Crystal Symmetry, Electron-Phonon Coupling, and Superconducting Tendencies in Li$_2$Pd$_3$B and Li$_2$Pt$_3$B

TL;DR

This paper investigates the electronic structure, phonon modes, and superconducting tendencies of Li$_2$Pd$_3$B and Li$_2$Pt$_3$B, highlighting the role of electron-phonon coupling and spin-orbit effects in their superconductivity.

Contribution

It provides detailed calculations of phonon frequencies, deformation potentials, and the impact of spin-orbit coupling, revealing the mechanisms driving superconductivity in these compounds.

Findings

Li$_2$Pd$_3$B has a dynamic mass enhancement of 0.75.

Superconductivity in Li$_2$Pd$_3$B is likely driven by Pd vibrations.

Spin-orbit coupling significantly affects the band structure of Li$_2$Pt$_3$B.

Abstract

After theoretical determination of the internal structural coordinates in Li$_2$Pd$_3$B, we calculate and analyze its electronic structure and obtain the frequencies of the two $A_g$ phonons (40.6 meV for nearly pure Li mode, 13.0 meV for the strongly mixed Pd-Li mode). Pd can be ascribed a $4d^{10}$ configuration, but strong 4d character remains up to the Fermi level.
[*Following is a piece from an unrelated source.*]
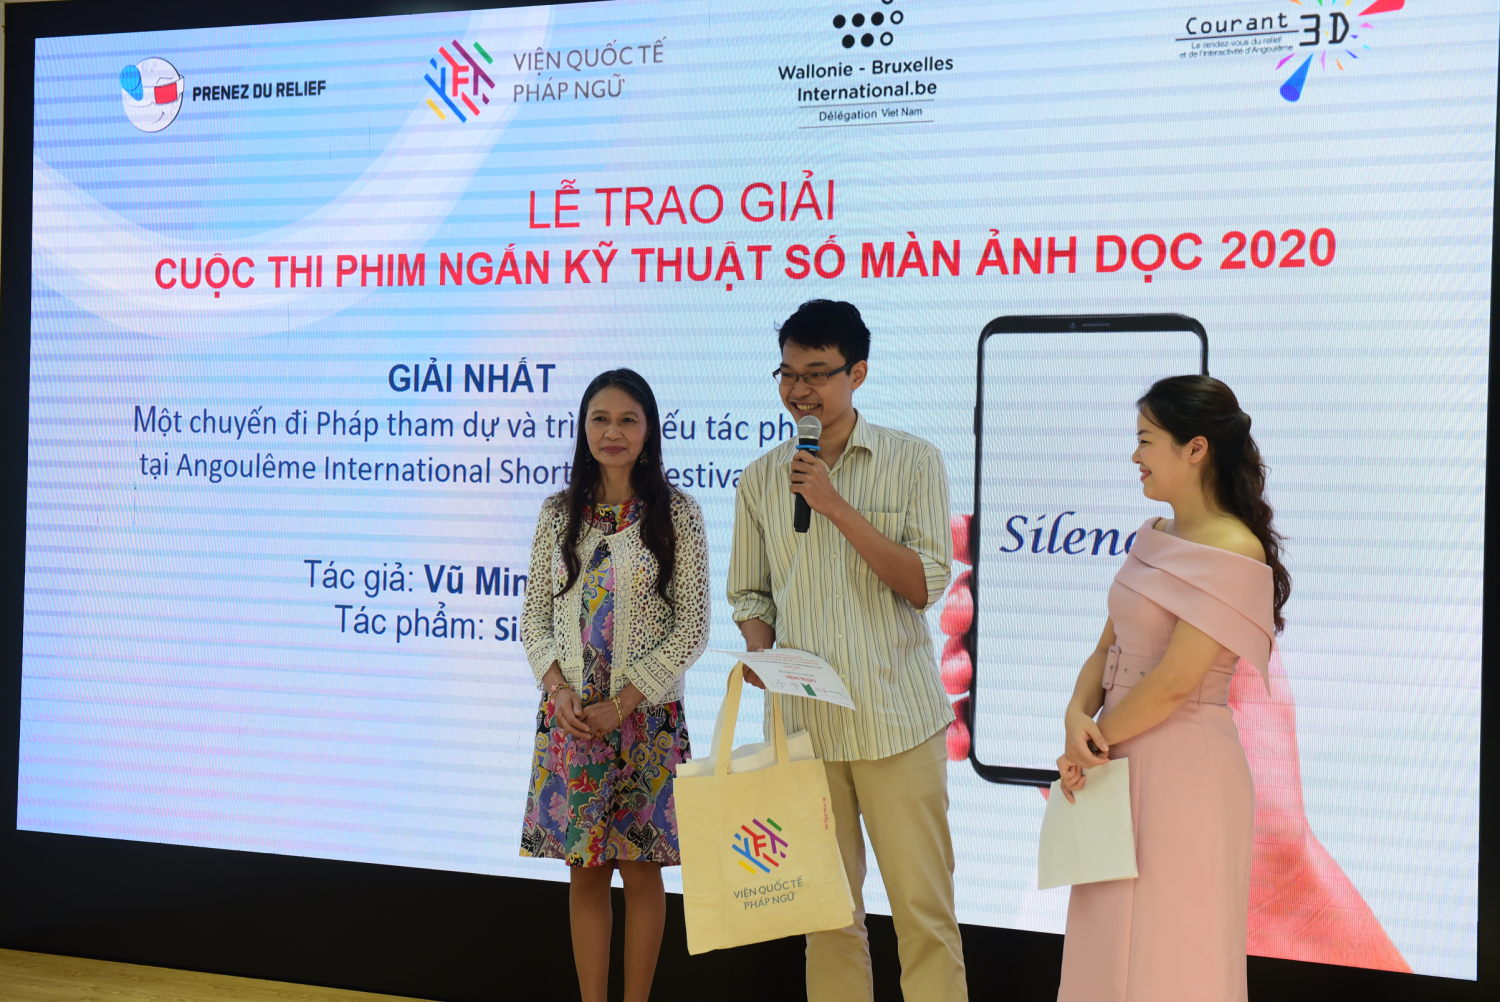 Tác giả Vũ Minh Đức giành giải Nhất cuộc thi năm nay với tác phẩm 'Silence'

Small regions of flat bands occur at -70 meV at both the $\Gamma$ and X points. Comparison of the Fermi level density of states to the linear specific heat coefficient gives a dynamic mass enhancement of $\lambda$ = 0.75. Rough Fermi surface averages of the deformation potentials $D$ of individual Pd and Li displacements are obtained. While <$D_{Li}$> is small, <$D_{Pd}> ~ 1.15 eV/\AA is sizable, and a plausible case exists for its superconductivity at 8 K being driven primarily by coupling to Pd vibrations. The larger d bandwidth in Li$_2$Pt$_3$B leads to important differences in the bands near the Fermi surface. The effect on the band structure of spin-orbit coupling plus lack of inversion is striking, and is much larger in the Pt compound.